时间:2018-04-29 20:06:34

标签: apache-spark recursion rdd

我在RDD中有用户信息:

(Id:10, Name:bla, Adress:50, ...)

我还有另一个集合,其中包含我们为每个用户收集的身份的连续更改。

(lastId, newId)
    (10, 43)
    (85, 90)
    (43, 50)

我需要获取每个用户ID的最后一个身份,在此示例中为:

getFinalIdentity(10) = 50     (10 -> 43 -> 50)

有一段时间我使用了包含这些身份的广播变量,并在集合上迭代以获得最终ID。 一切都工作正常,直到参考变得太大而无法适应广播变量......

我想出了一个解决方案,使用RDD存储身份并递归迭代,但它不是很快,看起来非常复杂。

是否有一种优雅而快速的方法来制作它?

1 个答案:

答案 0 :(得分:1)

你有没有想过图表?

您可以将边缘列表中的图形创建为(lastId, newId)。这样,没有传出边的节点是没有传入边的节点的最终id。

可以使用GraphX在Spark中完成。

以下是一个例子。它为每个Id显示链中第一个ID的Id。这意味着,对于(1 -> 2 -> 3)的此更改,结果将为(1, 1), (2, 1), (3, 1)

import org.apache.spark.graphx.{EdgeDirection, EdgeTriplet, Graph, VertexId}
import org.apache.spark.{SparkConf, SparkContext}

object Main {

  val conf = new SparkConf().setAppName("myapp").setMaster("local[*]")
  val sc = new SparkContext(conf)

  def main(args: Array[String]): Unit = {

    sc.setLogLevel("ERROR")

    // RDD of pairs (oldId, newId)
    val changedIds = sc.parallelize(Seq((1L, 2L), (2L, 3L), (3L, 4L), (10L, 20L), (20L, 31L), (30L, 40L), (100L, 200L), (200L, 300L)))
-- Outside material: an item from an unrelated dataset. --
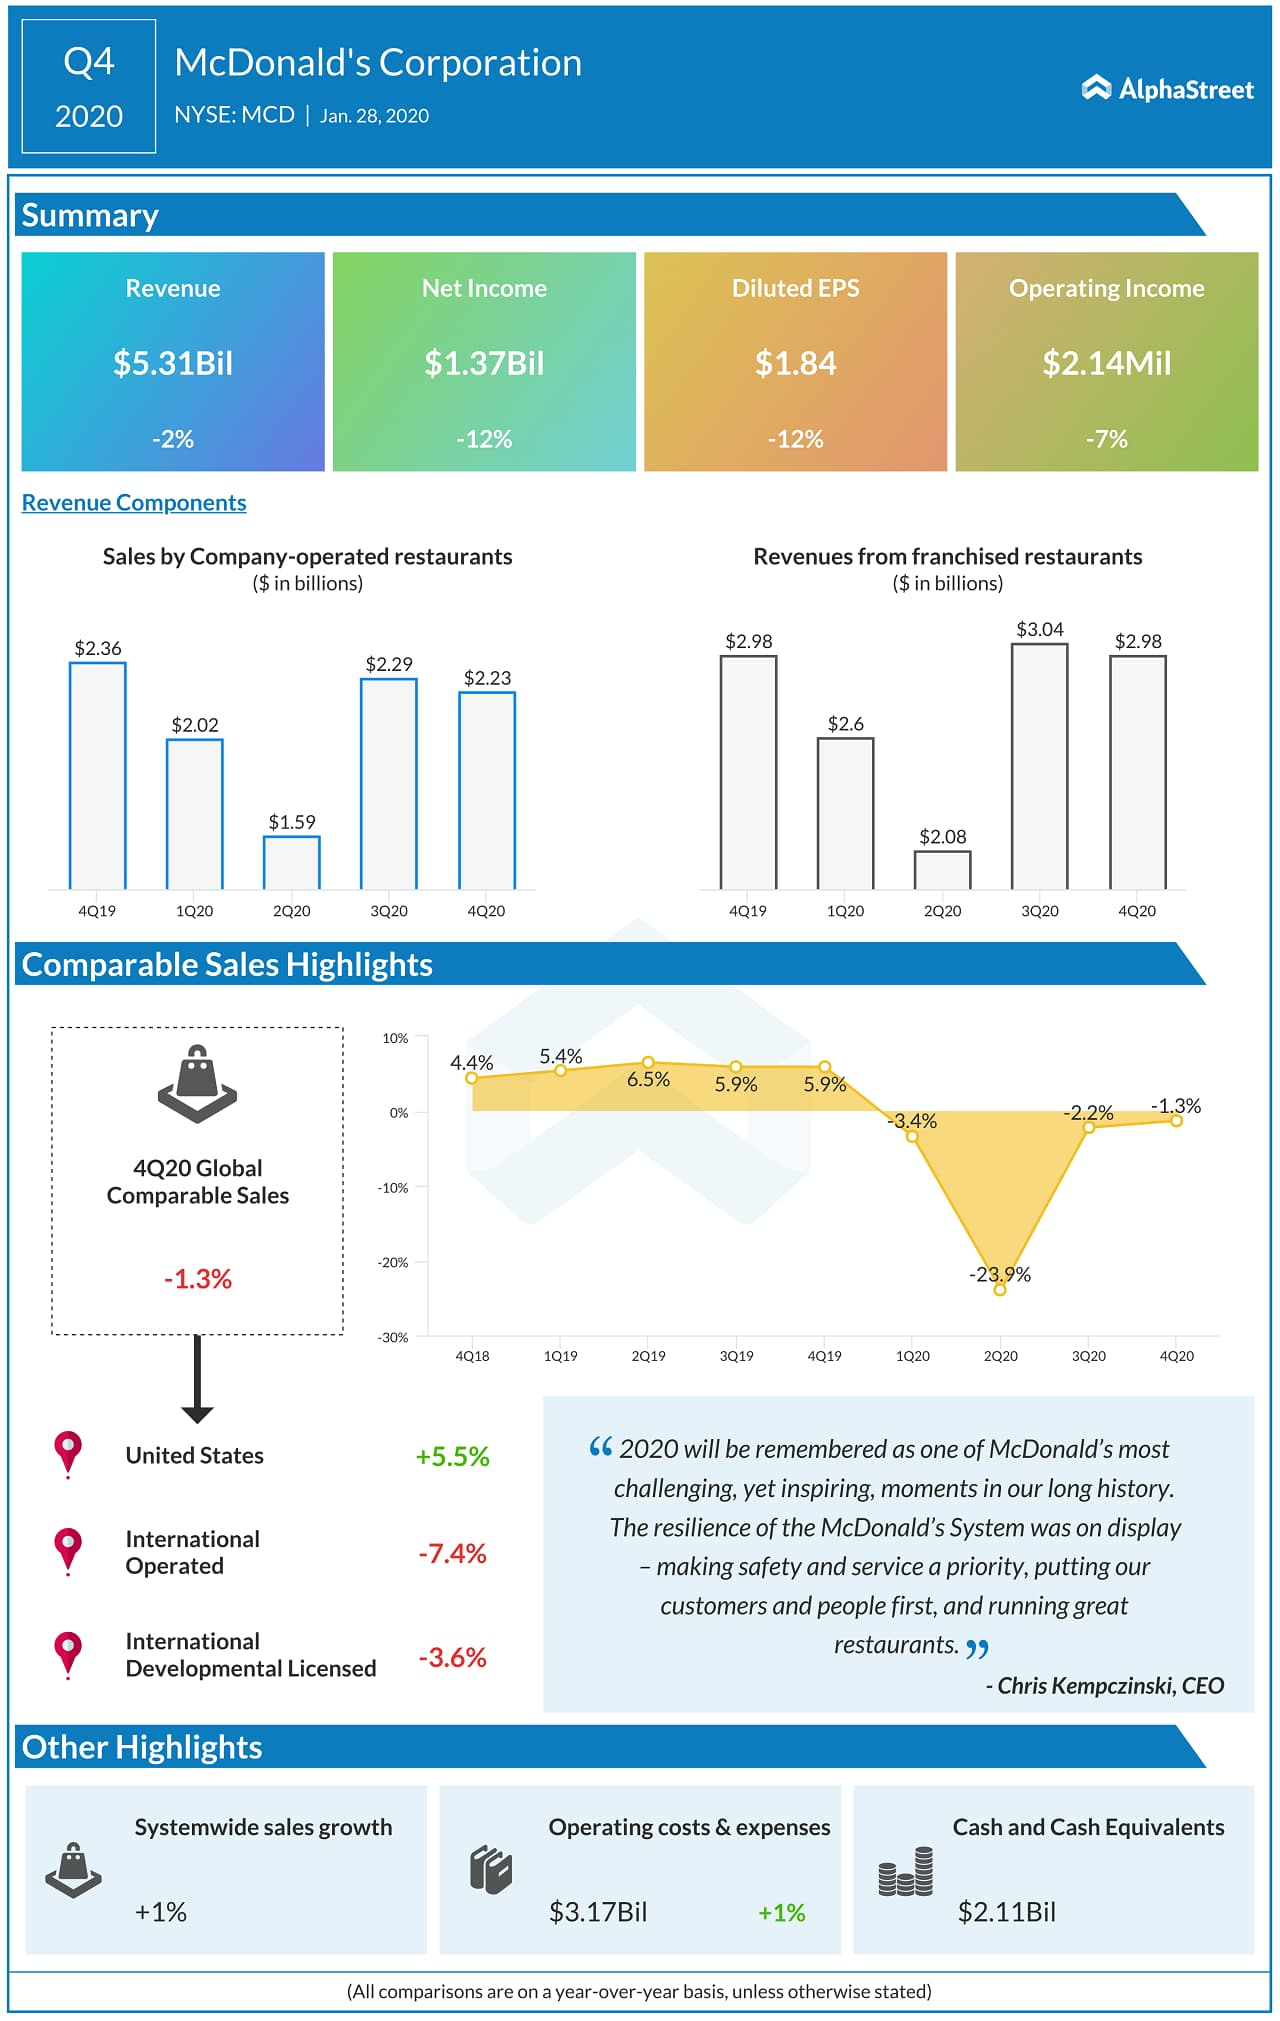 McDonald's Q4 2020 earnings infographic

    // case classes for pregel operation
    case class Value(originId: VertexId)      // vertex value
    case class Message(value: VertexId)       // message sent from one vertex to another

    // Create graph from id pairs
    val graph = Graph.fromEdgeTuples(changedIds, Value(0))
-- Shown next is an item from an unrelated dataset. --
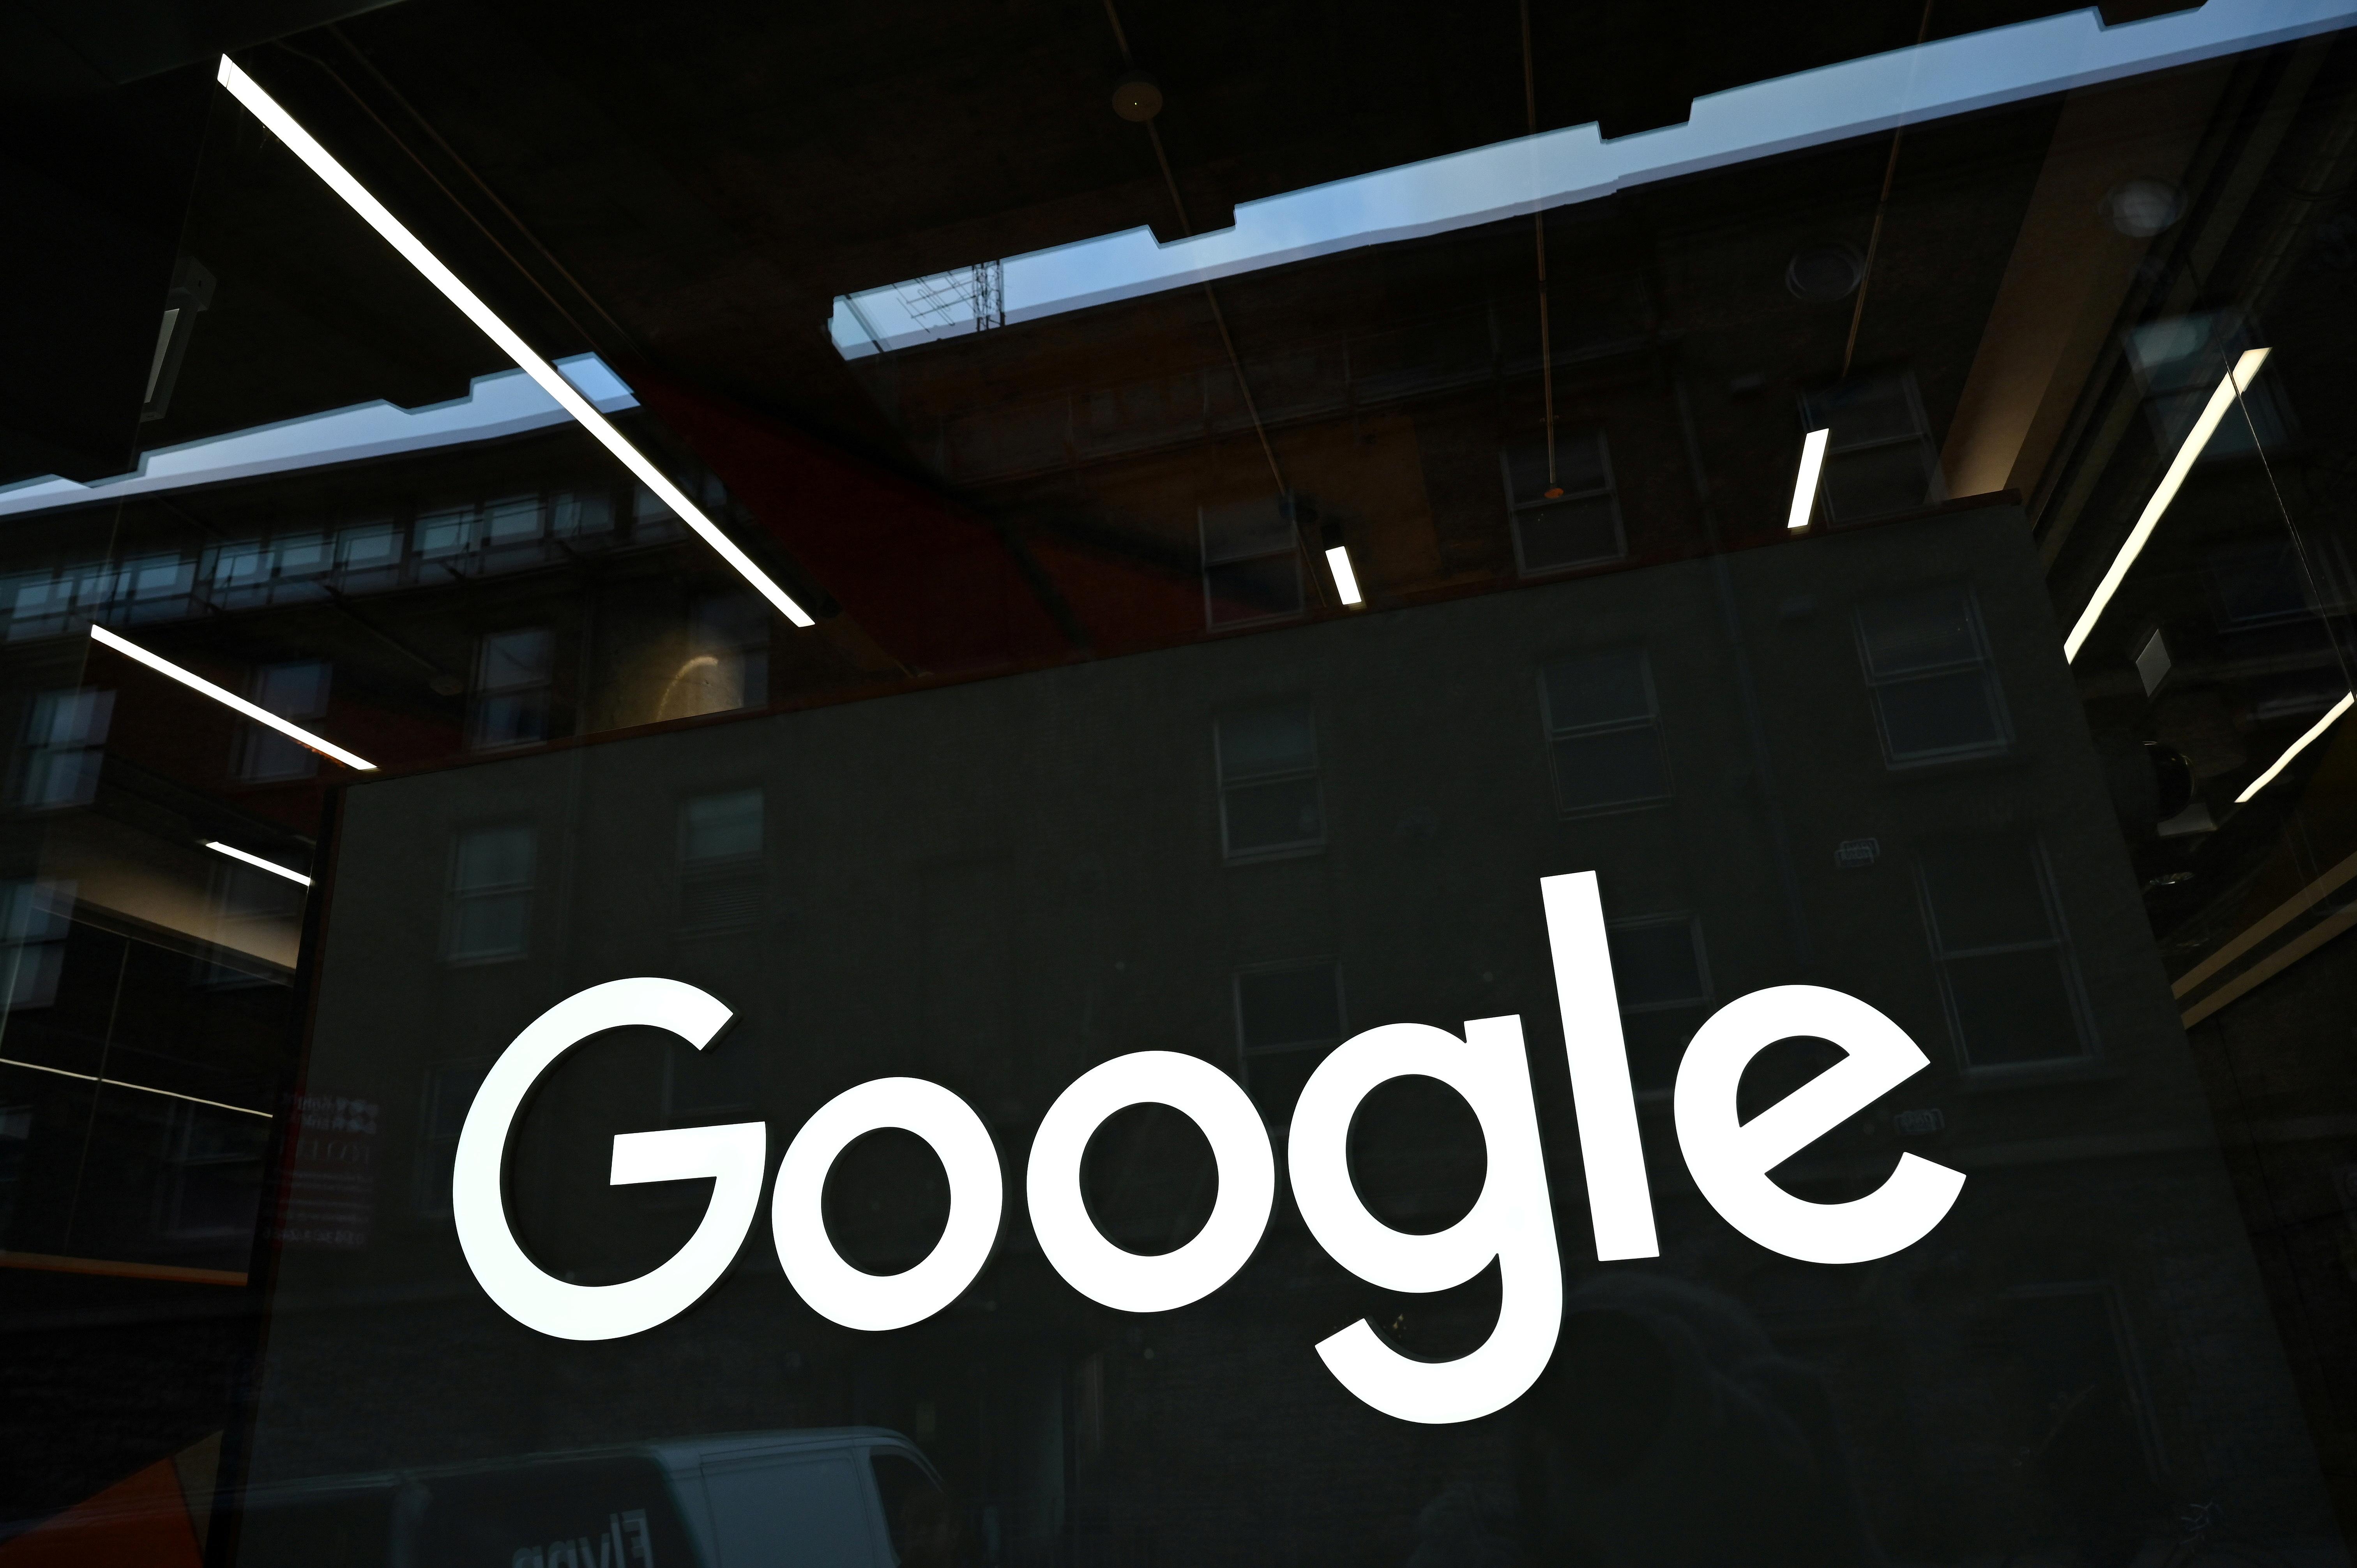 The Google logo is seen on on the company's European headquarters in Dublin, Ireland, February 27, 2021. REUTERS/Clodagh Kilcoyne

    // Initial message will be sent to all vertexes at the start
    val initialMsg = Message(0)

    // How vertex should process received message
    def onMsgReceive(vertexId: VertexId, value: Value, msg: Message): Value = {
      // Initial message will have value 0. In that case current vertex need to initialize its value to its own ID
      if (msg.value == 0) Value(vertexId)
      // Otherwise received value is initial ID
      else Value(msg.value)
    }

    // How vertexes should send messages
    def sendMsg(triplet: EdgeTriplet[Value, Int]): Iterator[(VertexId, Message)] = {
      // For the triplet only single message shall be sent to destination vertex
      // Its payload is source vertex origin ID
      Iterator((triplet.dstId, Message(triplet.srcAttr.originId)))
    }

    // How incoming messages to one vertex should be merged
    def mergeMsg(msg1: Message, msg2: Message): Message = {
      // Generally for this case it's an error
      // Because one ID can't have 2 different originIDs
      msg2    // Just return any of the incoming messages
    }

    // Kick out pregel calculation
    val res = graph
      .pregel(initialMsg, Int.MaxValue, EdgeDirection.Out)(onMsgReceive, sendMsg, mergeMsg)

    // Print results
    res.vertices.collect().foreach(println)
  }
}

输出:(finalId firstId)

(100,Value(100))
(4,Value(1))
(300,Value(100))
(200,Value(100))
(40,Value(30))
(20,Value(10))
(1,Value(1))
(30,Value(30))
(10,Value(10))
(2,Value(1))
(3,Value(1))
(31,Value(10))